--- Dataset section ---

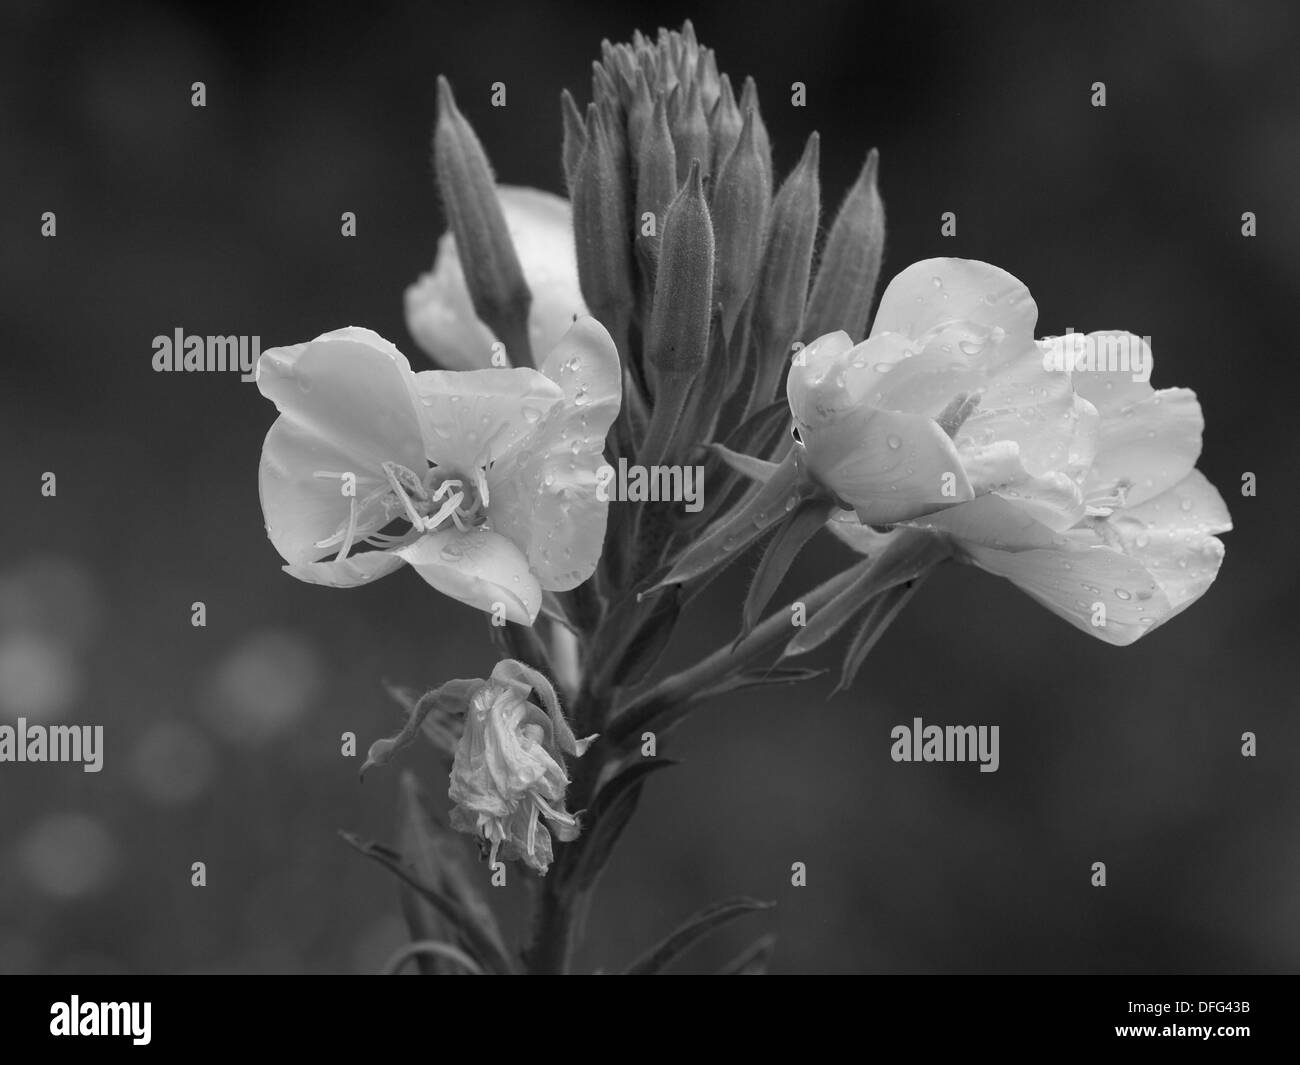 Enagra in bianco e nero / Oenothera biennis / Gewöhnliche Nachtkerze schwarz - weiß Foto Stock
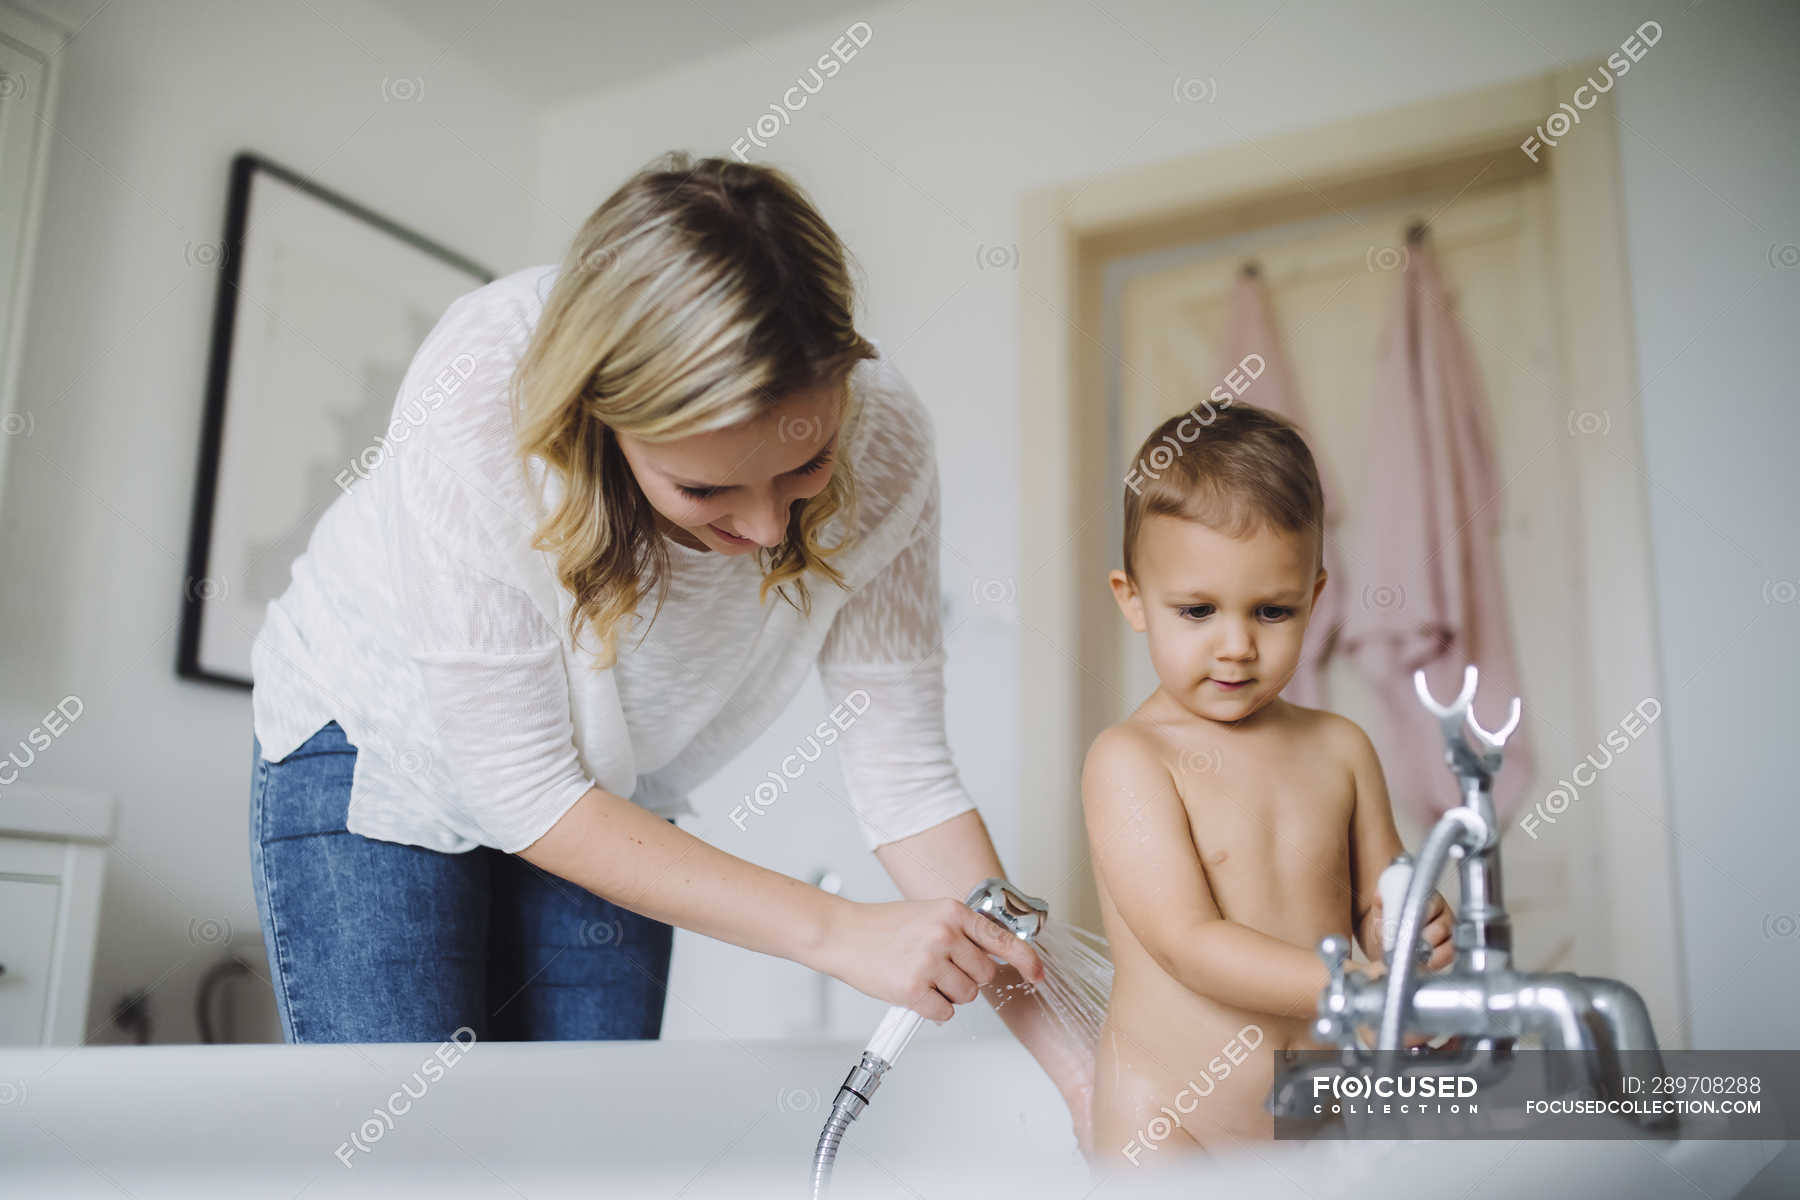 Mom son shower. Дети моются в ванной. Молодая мамочка в ванной. Моется с сыном. Мама с ребенком в ванной комнате.
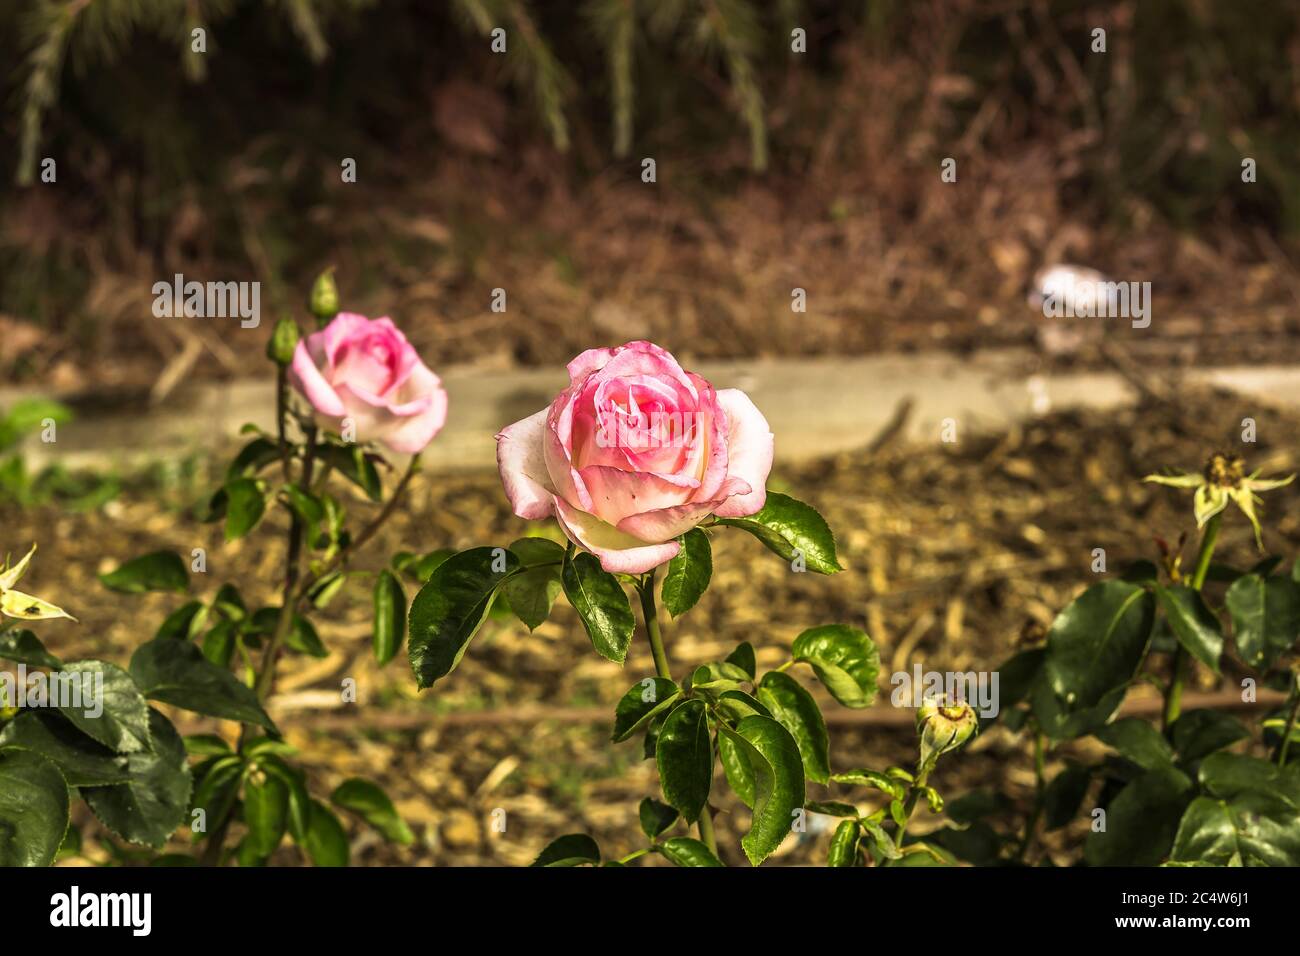 vue sur le rosier avec fleurs aux pétales roses sur les feuilles vertes Banque D'Images
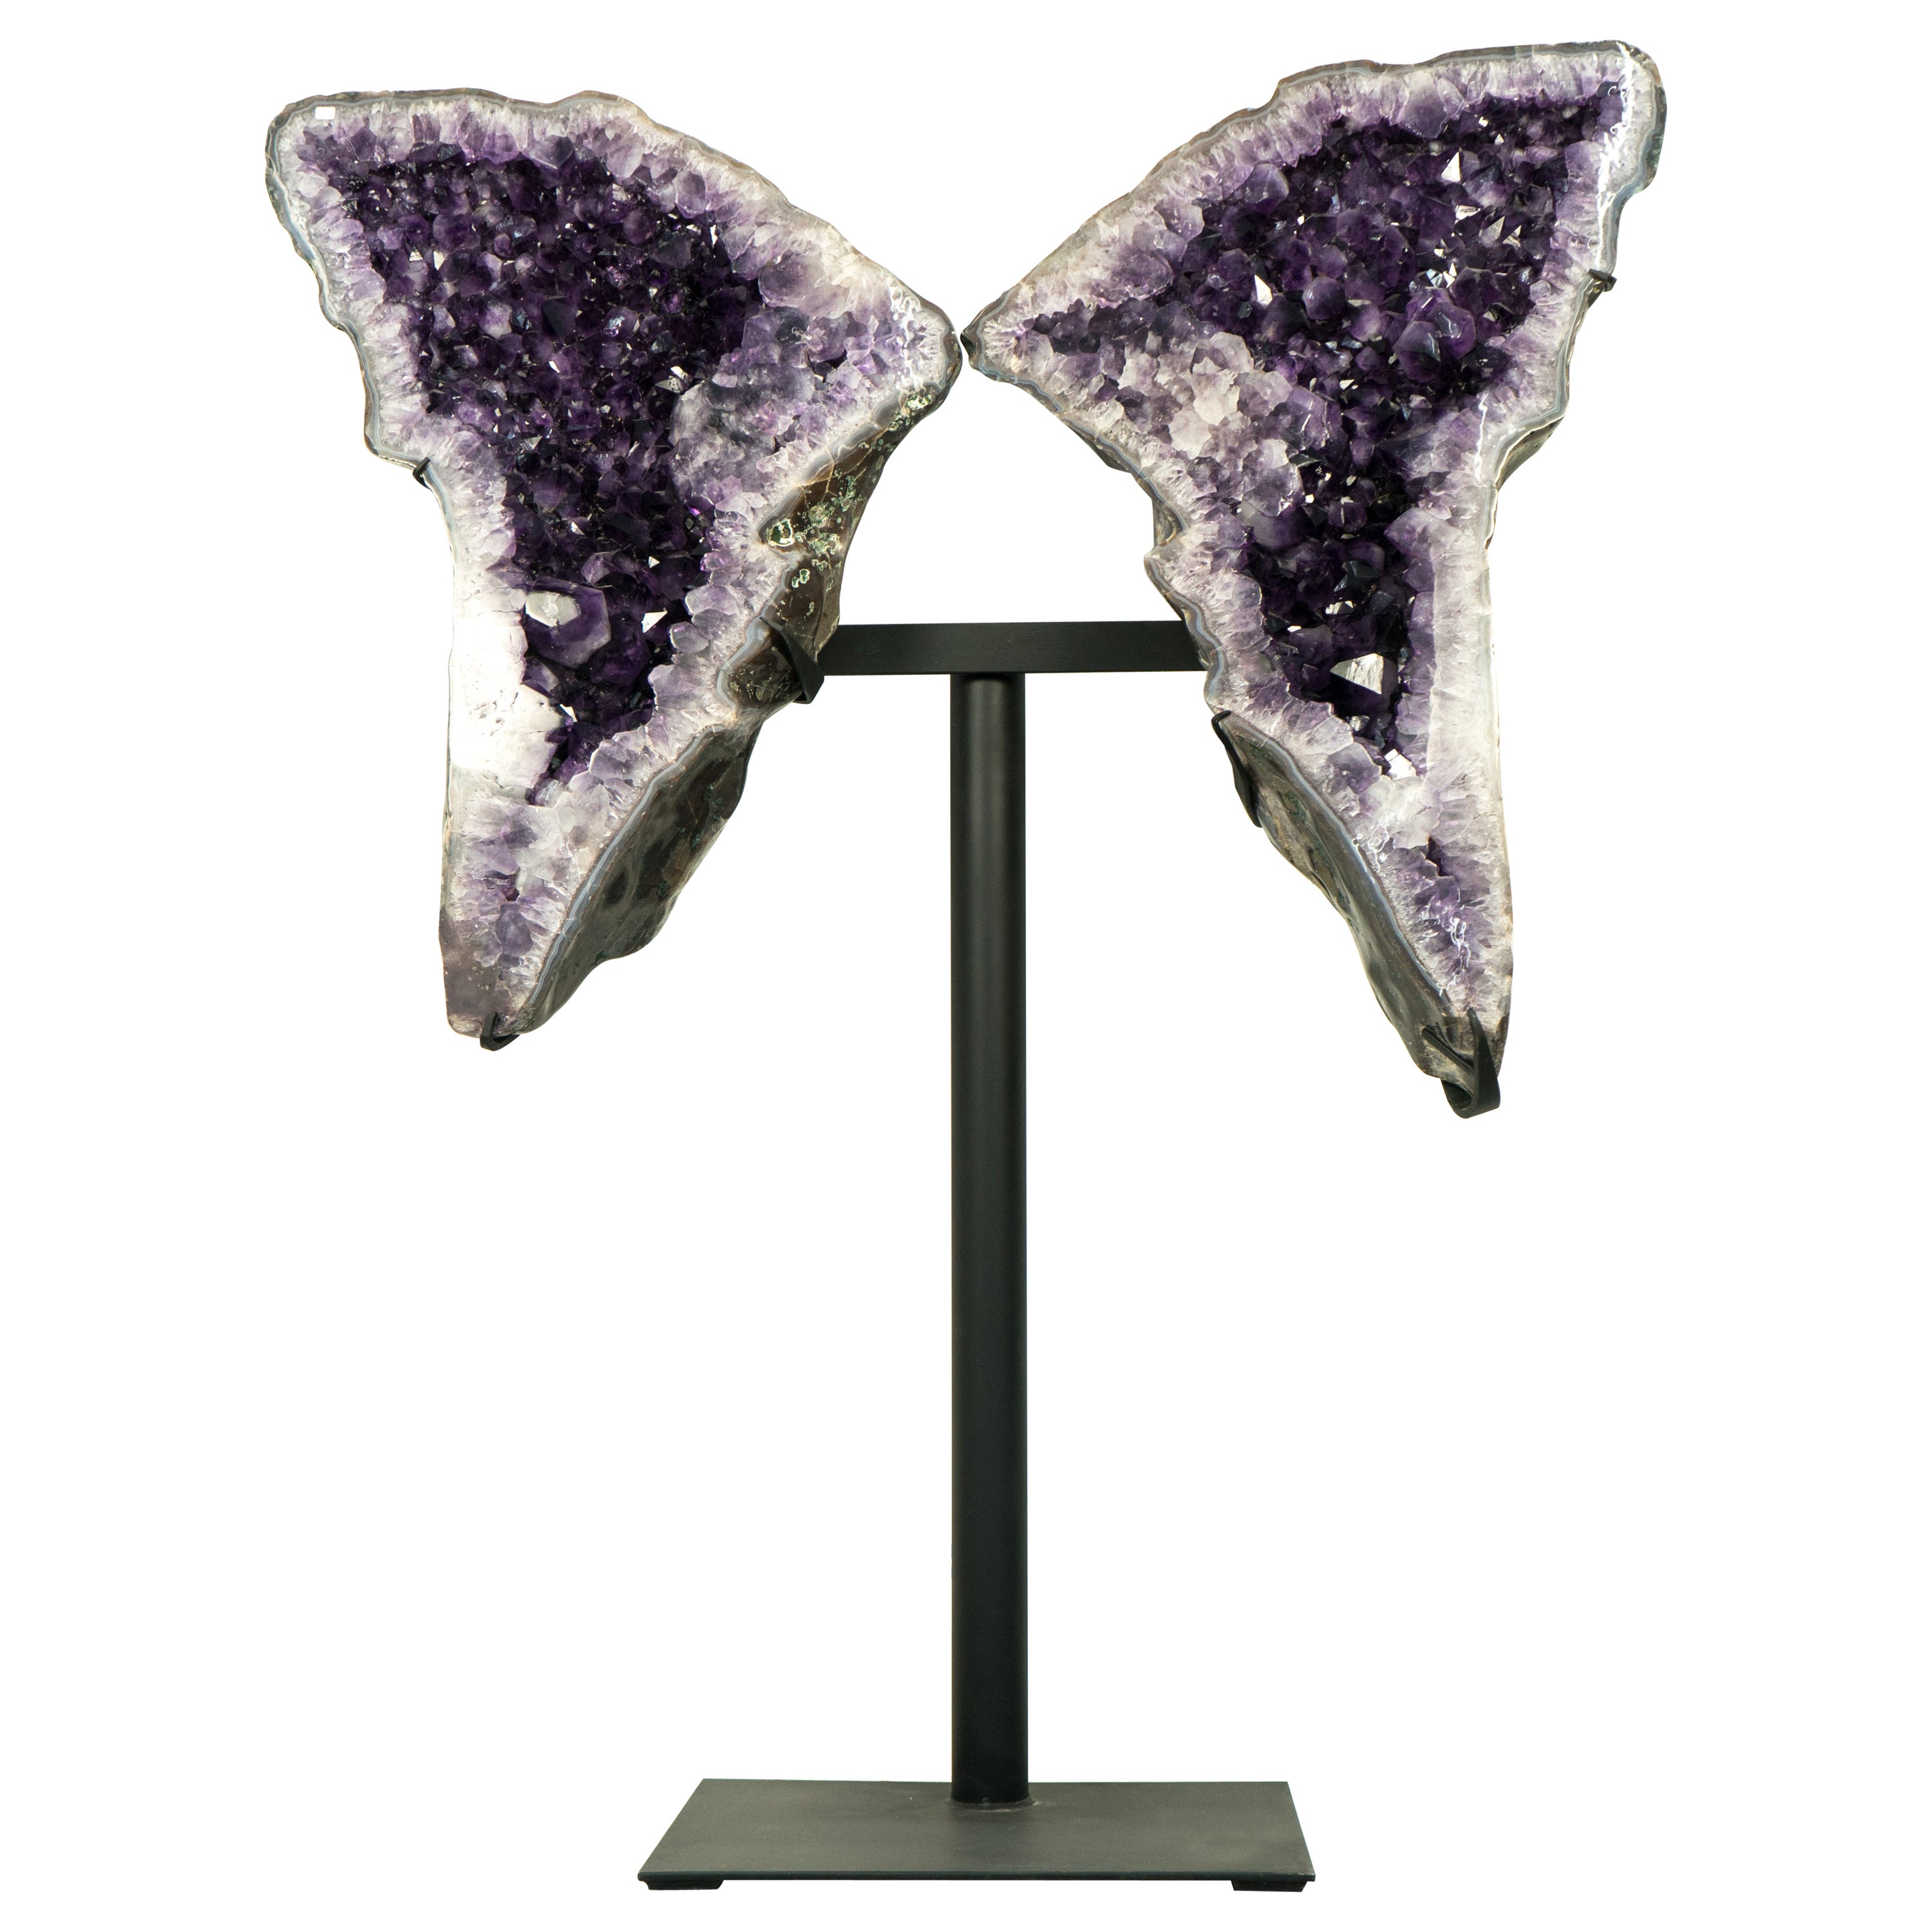 Grande améthyste géode aux ailes papillons sculpturales, améthyste violet profond de haute qualité

---

Repeat the listing exactly, minus its pictures.

Task output
 Enagra in bianco e nero / Oenothera biennis / Gewöhnliche Nachtkerze schwarz - weiß Foto Stock
 Mom son shower. Дети моются в ванной. Молодая мамочка в ванной. Моется с сыном. Мама с ребенком в ванной комнате.
 vue sur le rosier avec fleurs aux pétales roses sur les feuilles vertes Banque D'Images
 Grande améthyste géode aux ailes papillons sculpturales, améthyste violet profond de haute qualité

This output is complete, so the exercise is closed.